De diagnose moet worden onderscheiden van de volgende symptomen:

(1) Dichte botontwikkelingsstoornis: het kind is kort, het schedelbot is vergroot, het frontale occipitale bot is prominent, het intercostale bot is gebruikelijk, de distale falanx is onderontwikkeld, de lange botdichtheid is verhoogd maar de beenmergholte is aanwezig en het kind heeft geen bloedarmoede.

(2) Onvolledige ontwikkeling van de droogte van de schedel: de schedel wordt geleidelijk vergroot en verdikt, en het bot is niet broos. Het is pas na 5 jaar oud.
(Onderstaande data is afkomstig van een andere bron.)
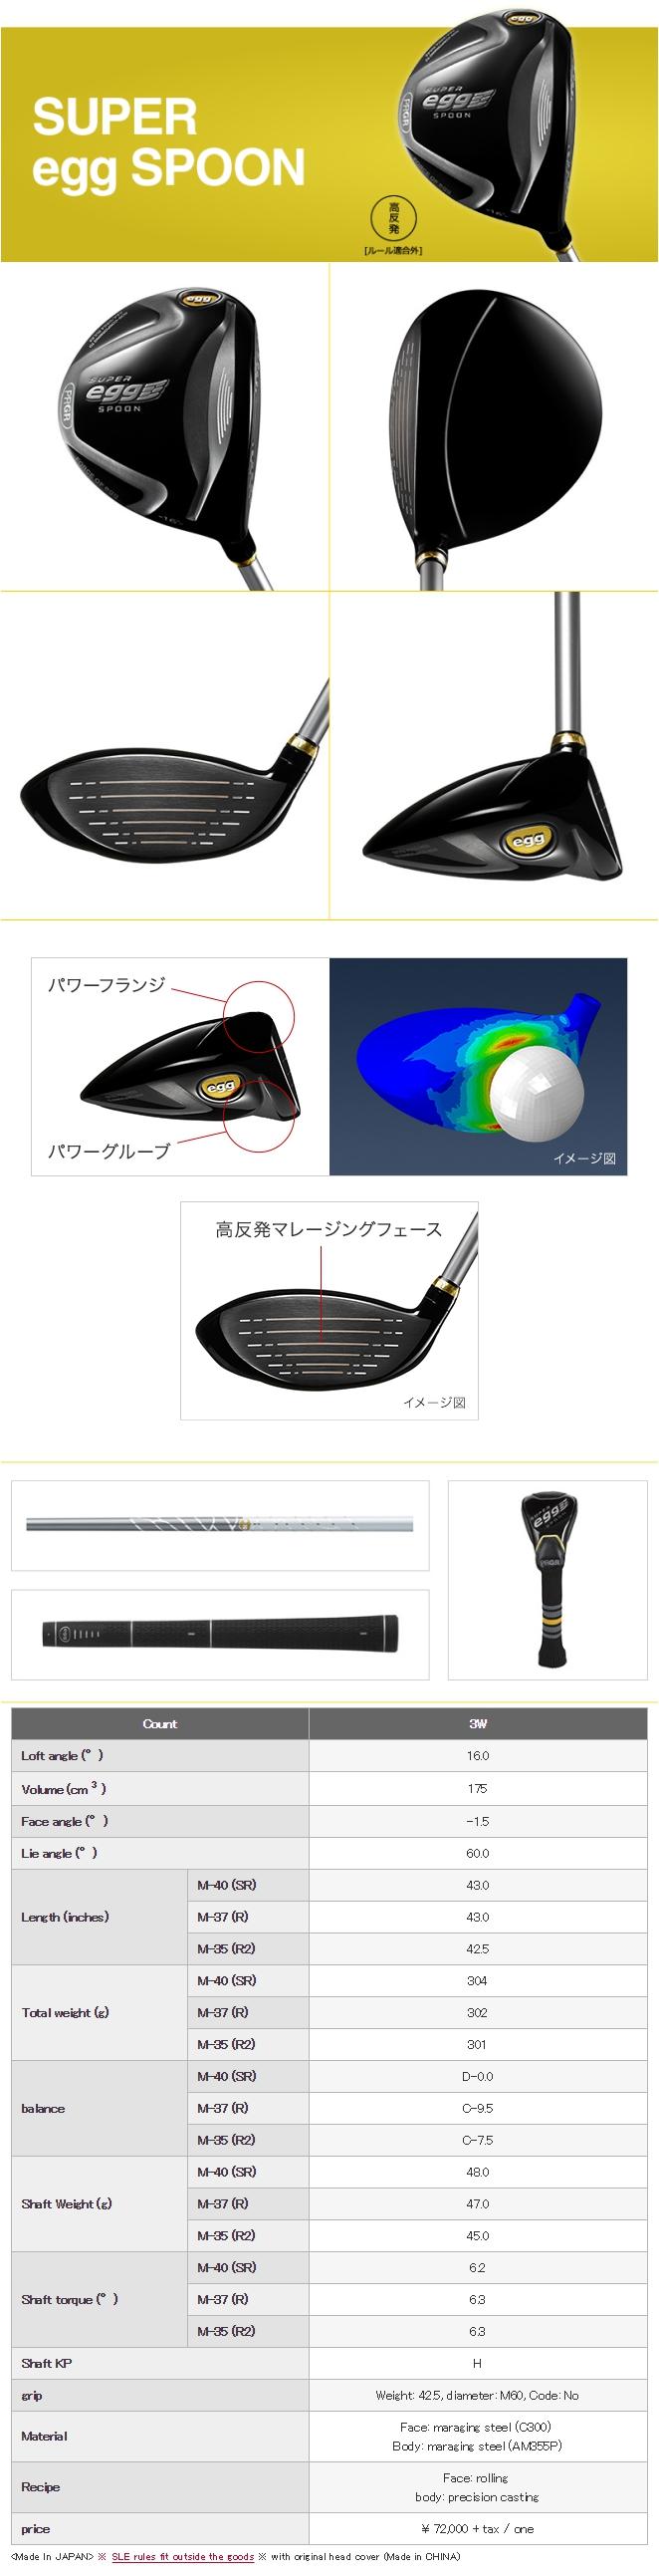 PRGR Super Egg Spoon

(3) Schedelbotsdysplasie: voornamelijk gemanifesteerd als "leeuwengezicht" hyperplasie, geen botvernietiging in andere delen, slechte botvorm, verwijding van sleutelbeen en ribben.

(4) Neonatale osteosclerose: verdwijnt meestal binnen 1 maand.
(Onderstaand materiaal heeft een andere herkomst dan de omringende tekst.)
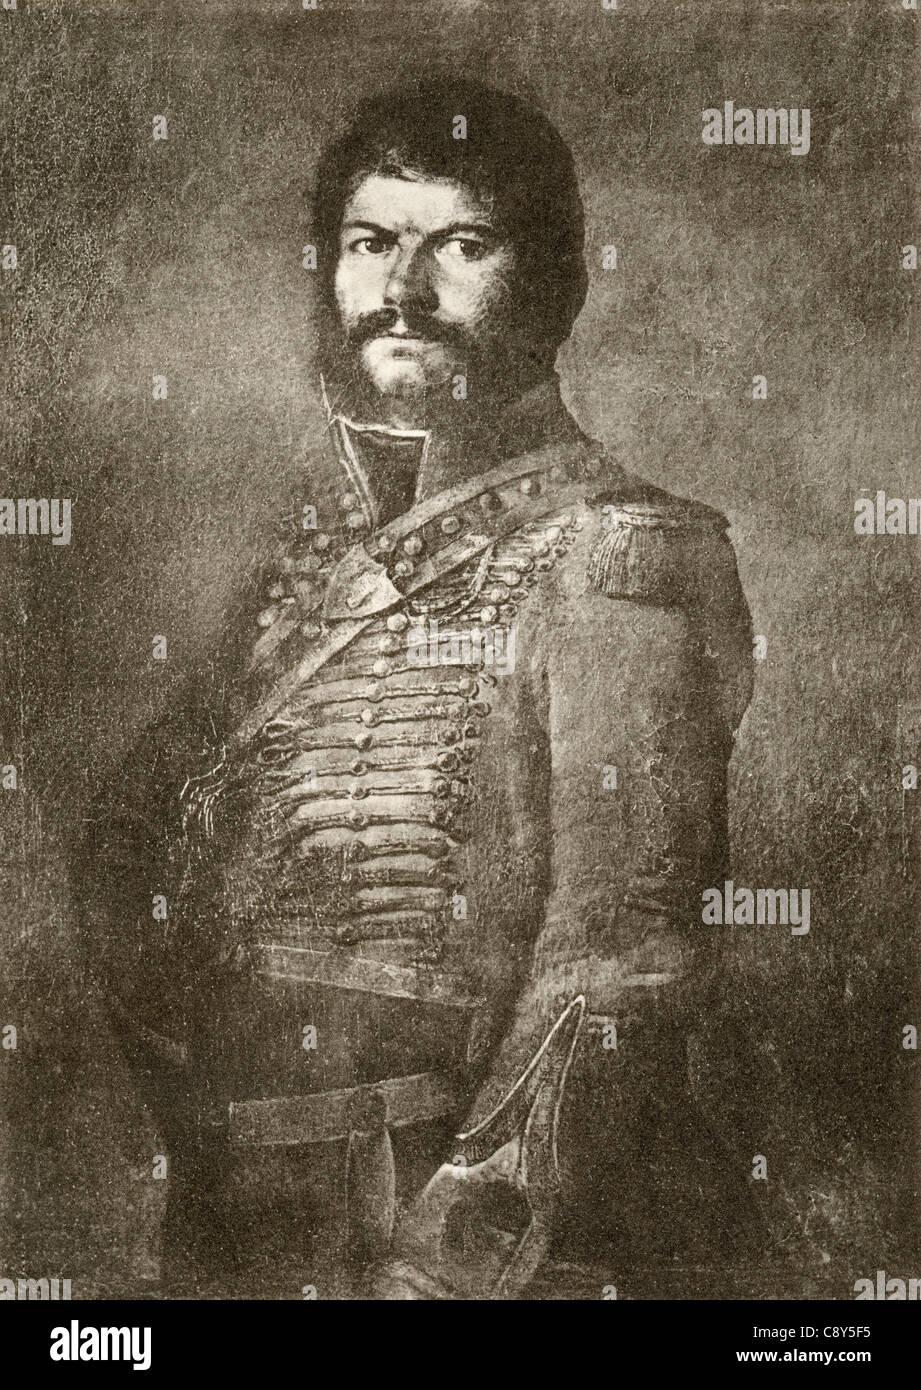 Juan Martín Díez, El Empecinado, 1775 -1825. Spanish soldier and guerilla leader during the Spanish War - Stock Image

(5) Myelofibrose gecompliceerd door bloedarmoede of leukemie: soms is het moeilijk om het te onderscheiden van marmerbotziekte, alleen door bloedonderzoek en beenmergpunctie.

(6) skeletfluorose: omdat skeletfluorose het hoofd omvat, kan het ook worden gemanifesteerd als verdikking van de schedel, een verhoogde dichtheid, vooral in de schedelbasis, kan aanzienlijk worden verhard. Skeletfluorose wordt echter veroorzaakt door chronische fluorose.De patiënt heeft een geschiedenis van langdurige blootstelling aan fluoride of een langdurig drinkwater dat meer dan de toegestane hoeveelheid fluoride bevat en een geschiedenis van behandeling van myeloom en osteoporose met fluoride. De skeletfluorose is niet zo uniform en dicht als de osteopetrose.Tegelijkertijd bevindt de skeletfluorose zich voornamelijk in de romp, maar de ledematen zijn verzwakt, de botruggen zijn dikker en het gaas is veranderd, en de ligamentcalcificatie en interossale calcificatie worden niet in de late fase gezien. De bovenstaande kenmerken van osteopetrose. Fluoride boturinetest fluoride tot 8 mg / l of meer.

heeft dit artikel jou geholpen?

Het materiaal op deze site is bedoeld voor algemeen informatief gebruik en is niet bedoeld als medisch advies, waarschijnlijke diagnose of aanbevolen behandelingen.